-- The task --
Only the lines of the data below from the one with "Imago/The Hatch" through the one with "Optical bi-directional rotary hinge" are wanted. Repeat them exactly.

-- Source material --
┌──

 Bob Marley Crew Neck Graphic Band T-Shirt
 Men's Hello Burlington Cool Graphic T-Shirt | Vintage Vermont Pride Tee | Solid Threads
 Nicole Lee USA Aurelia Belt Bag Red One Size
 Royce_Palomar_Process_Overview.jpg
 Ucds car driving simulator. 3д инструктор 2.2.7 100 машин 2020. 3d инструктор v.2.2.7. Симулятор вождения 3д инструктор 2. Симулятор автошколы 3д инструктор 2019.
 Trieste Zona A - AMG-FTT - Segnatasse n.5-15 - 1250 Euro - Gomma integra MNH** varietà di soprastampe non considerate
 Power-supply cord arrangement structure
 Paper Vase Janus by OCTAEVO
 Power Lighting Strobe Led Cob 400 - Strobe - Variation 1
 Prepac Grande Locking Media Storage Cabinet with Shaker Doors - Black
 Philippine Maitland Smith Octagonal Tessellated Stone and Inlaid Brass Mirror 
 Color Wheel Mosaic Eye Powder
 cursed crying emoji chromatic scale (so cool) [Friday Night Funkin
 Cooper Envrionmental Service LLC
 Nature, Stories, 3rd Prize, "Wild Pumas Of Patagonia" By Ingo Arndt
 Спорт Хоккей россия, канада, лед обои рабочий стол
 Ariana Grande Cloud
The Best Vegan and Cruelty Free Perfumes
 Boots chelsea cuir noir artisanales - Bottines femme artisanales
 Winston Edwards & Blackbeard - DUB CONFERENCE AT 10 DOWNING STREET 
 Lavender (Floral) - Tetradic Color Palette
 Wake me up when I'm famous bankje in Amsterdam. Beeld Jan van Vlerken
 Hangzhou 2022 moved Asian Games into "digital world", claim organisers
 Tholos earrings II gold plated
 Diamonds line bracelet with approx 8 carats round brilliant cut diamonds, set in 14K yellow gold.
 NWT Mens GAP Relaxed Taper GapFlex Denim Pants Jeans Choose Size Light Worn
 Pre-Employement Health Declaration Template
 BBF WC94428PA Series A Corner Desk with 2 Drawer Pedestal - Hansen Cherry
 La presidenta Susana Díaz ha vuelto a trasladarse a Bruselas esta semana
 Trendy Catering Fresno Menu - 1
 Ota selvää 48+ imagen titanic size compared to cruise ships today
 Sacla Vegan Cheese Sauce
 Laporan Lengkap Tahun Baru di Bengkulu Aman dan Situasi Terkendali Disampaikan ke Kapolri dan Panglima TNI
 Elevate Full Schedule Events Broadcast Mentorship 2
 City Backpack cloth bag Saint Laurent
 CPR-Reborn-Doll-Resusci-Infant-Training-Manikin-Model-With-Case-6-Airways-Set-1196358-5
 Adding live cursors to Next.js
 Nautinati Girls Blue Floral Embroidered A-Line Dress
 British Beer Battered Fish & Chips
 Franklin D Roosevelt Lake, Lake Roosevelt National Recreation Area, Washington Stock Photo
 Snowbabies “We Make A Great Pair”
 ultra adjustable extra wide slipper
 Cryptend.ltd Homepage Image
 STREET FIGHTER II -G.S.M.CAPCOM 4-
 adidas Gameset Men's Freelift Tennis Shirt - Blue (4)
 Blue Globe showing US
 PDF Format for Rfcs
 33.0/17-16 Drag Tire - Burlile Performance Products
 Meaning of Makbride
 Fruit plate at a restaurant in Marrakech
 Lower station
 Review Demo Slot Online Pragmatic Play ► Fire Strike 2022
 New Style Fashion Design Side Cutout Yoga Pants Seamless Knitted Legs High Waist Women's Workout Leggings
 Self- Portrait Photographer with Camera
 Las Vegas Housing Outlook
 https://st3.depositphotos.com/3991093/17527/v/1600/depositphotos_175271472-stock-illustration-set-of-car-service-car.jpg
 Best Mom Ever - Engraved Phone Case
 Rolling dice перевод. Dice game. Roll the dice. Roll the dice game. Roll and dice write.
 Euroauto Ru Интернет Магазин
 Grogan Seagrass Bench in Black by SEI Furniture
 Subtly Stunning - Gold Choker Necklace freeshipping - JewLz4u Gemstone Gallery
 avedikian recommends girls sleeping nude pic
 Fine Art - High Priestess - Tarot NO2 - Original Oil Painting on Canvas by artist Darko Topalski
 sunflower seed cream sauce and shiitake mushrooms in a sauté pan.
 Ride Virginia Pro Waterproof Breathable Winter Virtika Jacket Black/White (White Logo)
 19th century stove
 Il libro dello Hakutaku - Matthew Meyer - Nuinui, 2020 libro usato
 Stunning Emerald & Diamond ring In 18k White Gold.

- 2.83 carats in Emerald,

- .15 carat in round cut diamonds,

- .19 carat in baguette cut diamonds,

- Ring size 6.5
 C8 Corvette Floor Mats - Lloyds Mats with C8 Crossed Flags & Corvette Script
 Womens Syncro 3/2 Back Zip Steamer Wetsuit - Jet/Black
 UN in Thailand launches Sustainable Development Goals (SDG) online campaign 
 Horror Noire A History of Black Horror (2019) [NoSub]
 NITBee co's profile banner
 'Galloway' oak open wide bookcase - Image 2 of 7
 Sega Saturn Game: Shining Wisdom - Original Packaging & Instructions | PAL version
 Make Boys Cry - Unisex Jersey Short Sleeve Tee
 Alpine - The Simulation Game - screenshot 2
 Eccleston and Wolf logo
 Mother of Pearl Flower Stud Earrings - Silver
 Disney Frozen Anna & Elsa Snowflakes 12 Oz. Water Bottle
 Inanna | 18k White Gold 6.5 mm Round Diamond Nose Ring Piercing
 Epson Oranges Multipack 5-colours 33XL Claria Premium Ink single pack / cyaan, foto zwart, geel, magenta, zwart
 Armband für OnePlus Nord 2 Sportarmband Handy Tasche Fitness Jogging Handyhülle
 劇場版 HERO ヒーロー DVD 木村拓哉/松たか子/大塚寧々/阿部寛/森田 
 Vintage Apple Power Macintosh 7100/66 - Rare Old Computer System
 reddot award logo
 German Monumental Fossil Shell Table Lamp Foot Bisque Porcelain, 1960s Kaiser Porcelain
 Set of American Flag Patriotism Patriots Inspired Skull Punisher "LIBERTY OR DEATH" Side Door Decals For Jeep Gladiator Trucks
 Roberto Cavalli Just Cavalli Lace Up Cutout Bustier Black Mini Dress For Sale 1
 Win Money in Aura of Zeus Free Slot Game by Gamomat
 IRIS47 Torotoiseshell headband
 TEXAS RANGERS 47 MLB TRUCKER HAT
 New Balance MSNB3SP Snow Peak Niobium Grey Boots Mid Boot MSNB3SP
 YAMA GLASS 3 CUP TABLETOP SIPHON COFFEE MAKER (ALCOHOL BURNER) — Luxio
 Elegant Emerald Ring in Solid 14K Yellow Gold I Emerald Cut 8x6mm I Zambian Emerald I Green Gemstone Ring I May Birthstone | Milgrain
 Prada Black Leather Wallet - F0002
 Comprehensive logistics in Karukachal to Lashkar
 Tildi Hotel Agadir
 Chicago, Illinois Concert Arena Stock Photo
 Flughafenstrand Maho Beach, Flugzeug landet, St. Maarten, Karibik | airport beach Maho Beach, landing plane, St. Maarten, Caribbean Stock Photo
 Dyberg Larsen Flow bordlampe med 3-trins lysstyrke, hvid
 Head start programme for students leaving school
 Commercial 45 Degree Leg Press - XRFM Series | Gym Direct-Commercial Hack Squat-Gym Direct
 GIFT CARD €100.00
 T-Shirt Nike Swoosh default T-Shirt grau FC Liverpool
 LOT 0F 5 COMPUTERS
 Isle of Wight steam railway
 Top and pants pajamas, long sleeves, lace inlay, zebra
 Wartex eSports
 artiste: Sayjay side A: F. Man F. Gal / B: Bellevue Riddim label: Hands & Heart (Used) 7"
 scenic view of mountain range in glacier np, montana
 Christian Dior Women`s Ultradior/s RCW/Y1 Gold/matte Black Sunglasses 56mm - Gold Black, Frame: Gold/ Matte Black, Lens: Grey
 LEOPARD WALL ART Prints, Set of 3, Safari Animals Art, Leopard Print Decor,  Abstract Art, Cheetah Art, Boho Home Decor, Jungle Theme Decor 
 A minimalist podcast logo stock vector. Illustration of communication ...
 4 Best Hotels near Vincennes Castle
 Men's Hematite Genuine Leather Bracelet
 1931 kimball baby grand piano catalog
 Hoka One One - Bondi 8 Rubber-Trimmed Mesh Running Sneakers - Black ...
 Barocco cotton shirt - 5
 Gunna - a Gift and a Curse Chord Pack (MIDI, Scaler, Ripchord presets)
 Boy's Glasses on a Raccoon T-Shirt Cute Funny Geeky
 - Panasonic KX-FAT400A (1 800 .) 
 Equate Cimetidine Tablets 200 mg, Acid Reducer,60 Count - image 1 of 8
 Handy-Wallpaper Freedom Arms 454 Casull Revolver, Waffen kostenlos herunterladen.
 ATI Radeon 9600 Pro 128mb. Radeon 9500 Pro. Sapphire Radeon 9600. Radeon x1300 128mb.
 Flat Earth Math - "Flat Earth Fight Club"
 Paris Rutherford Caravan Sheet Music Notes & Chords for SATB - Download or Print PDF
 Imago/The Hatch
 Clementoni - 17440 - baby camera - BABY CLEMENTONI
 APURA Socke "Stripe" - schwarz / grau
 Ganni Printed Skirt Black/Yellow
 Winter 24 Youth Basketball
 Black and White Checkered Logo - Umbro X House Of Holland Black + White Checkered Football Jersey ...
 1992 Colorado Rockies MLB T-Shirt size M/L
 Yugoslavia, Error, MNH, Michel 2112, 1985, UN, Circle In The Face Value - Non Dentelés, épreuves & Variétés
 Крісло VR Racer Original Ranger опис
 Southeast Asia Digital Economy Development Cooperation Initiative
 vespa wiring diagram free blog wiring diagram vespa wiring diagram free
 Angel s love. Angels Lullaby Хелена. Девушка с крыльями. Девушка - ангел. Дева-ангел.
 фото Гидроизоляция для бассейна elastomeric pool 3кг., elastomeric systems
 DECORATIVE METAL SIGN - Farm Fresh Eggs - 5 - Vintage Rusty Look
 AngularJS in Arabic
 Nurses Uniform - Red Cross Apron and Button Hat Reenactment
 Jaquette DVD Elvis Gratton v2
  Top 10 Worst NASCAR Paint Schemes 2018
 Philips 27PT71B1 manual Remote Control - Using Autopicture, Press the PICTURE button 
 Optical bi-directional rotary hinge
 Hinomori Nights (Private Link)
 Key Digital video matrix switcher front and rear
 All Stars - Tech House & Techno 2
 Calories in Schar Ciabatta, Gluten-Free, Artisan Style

└──

-- Solution --
 Imago/The Hatch
 Clementoni - 17440 - baby camera - BABY CLEMENTONI
 APURA Socke "Stripe" - schwarz / grau
 Ganni Printed Skirt Black/Yellow
 Winter 24 Youth Basketball
 Black and White Checkered Logo - Umbro X House Of Holland Black + White Checkered Football Jersey ...
 1992 Colorado Rockies MLB T-Shirt size M/L
 Yugoslavia, Error, MNH, Michel 2112, 1985, UN, Circle In The Face Value - Non Dentelés, épreuves & Variétés
 Крісло VR Racer Original Ranger опис
 Southeast Asia Digital Economy Development Cooperation Initiative
 vespa wiring diagram free blog wiring diagram vespa wiring diagram free
 Angel s love. Angels Lullaby Хелена. Девушка с крыльями. Девушка - ангел. Дева-ангел.
 фото Гидроизоляция для бассейна elastomeric pool 3кг., elastomeric systems
 DECORATIVE METAL SIGN - Farm Fresh Eggs - 5 - Vintage Rusty Look
 AngularJS in Arabic
 Nurses Uniform - Red Cross Apron and Button Hat Reenactment
 Jaquette DVD Elvis Gratton v2
  Top 10 Worst NASCAR Paint Schemes 2018
 Philips 27PT71B1 manual Remote Control - Using Autopicture, Press the PICTURE button 
 Optical bi-directional rotary hinge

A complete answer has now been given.